Published July 16, 2008 12:56 am - River activists say the biggest problem for the Minnesota is farm drainage.

Drainage remains an issue
Demand for cropland eats at conservation acreage

By Tim Krohn
Free Press Staff Writer

When talking to people who are closely tied to the Minnesota River, two topics invariably come up:

* Activity on, and interest in, the river has increased substantially the past decade, and the worst pollutants in the river have been reduced.

* The river is under horrendous pressure and threat because of extensive farm drainage in the millions of acres that drain into the river.

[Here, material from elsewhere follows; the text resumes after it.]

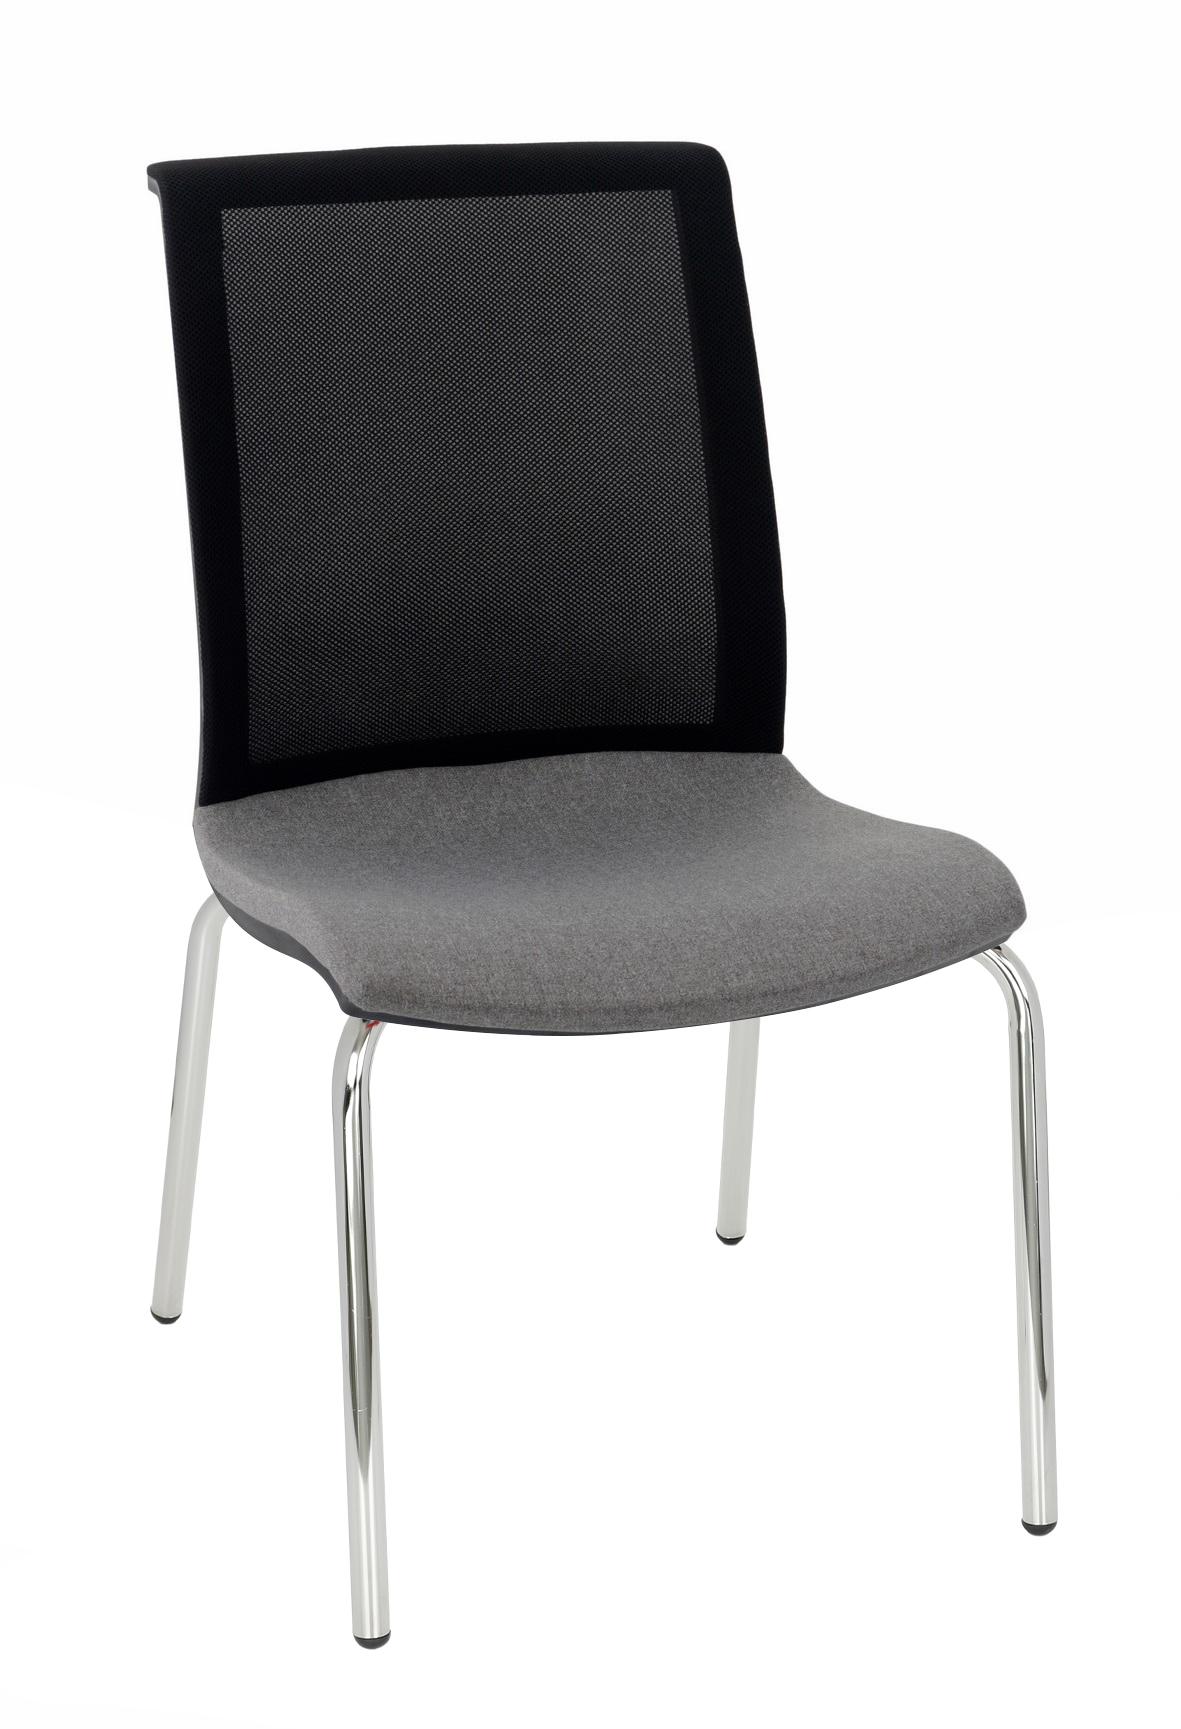 Krzesło Level 4L BS Medley MD05

Farmland drainage has long been identified as a big contributor to erosion and pollution in the Minnesota. Before extensive tiling, the land drained slowly and dirt and pollutants were filtered out.

Today those fields drain quickly, sending water rapidly into drainage ditches and then to ravines and rivers, causing more extensive flooding and bringing more dirt and chemicals to the river. That drainage also has been blamed for the increased flooding on the Mississippi River.

Bob Zoet, a longtime canoeist from Mankato who often can be found on the Le Sueur River, said he’s seen big changes in recent years.

“On the Le Sueur, with an inch of rain now you see this fast jump in the river and it goes down fast. The banks of the river really get undermined from all that water flowing so fast.

“The banks and trees are just falling in. It’s not good.”

Dave Smiglewski, mayor of Granite Falls, said his city has been devastated by floods in recent years. Similar amounts of rainfall in the past wouldn’t have brought the same kind of damage, he said.

“The drainage tile is a big problem. When it rains upstream, the water comes up fast. It comes through town in three days instead of three weeks. We see the effects here.”

Patrick Moore, head of the CURE river-improvement group in Montevideo, said pattern tiling has become very efficient and widespread in the past decade.

“Turbidity is bad in the river. We’re losing topsoil and nutrients.”

Moore said counties also are failing to enforce laws on the books requiring buffer grass strips along drainage ditches.

One possible bright spot, Moore said, is that more tiling companies and farmers are starting to look at metered tiling systems that hold water in the fields longer and release it more gradually. The systems help farmers by holding more nutrients in the soil where the crops can use them.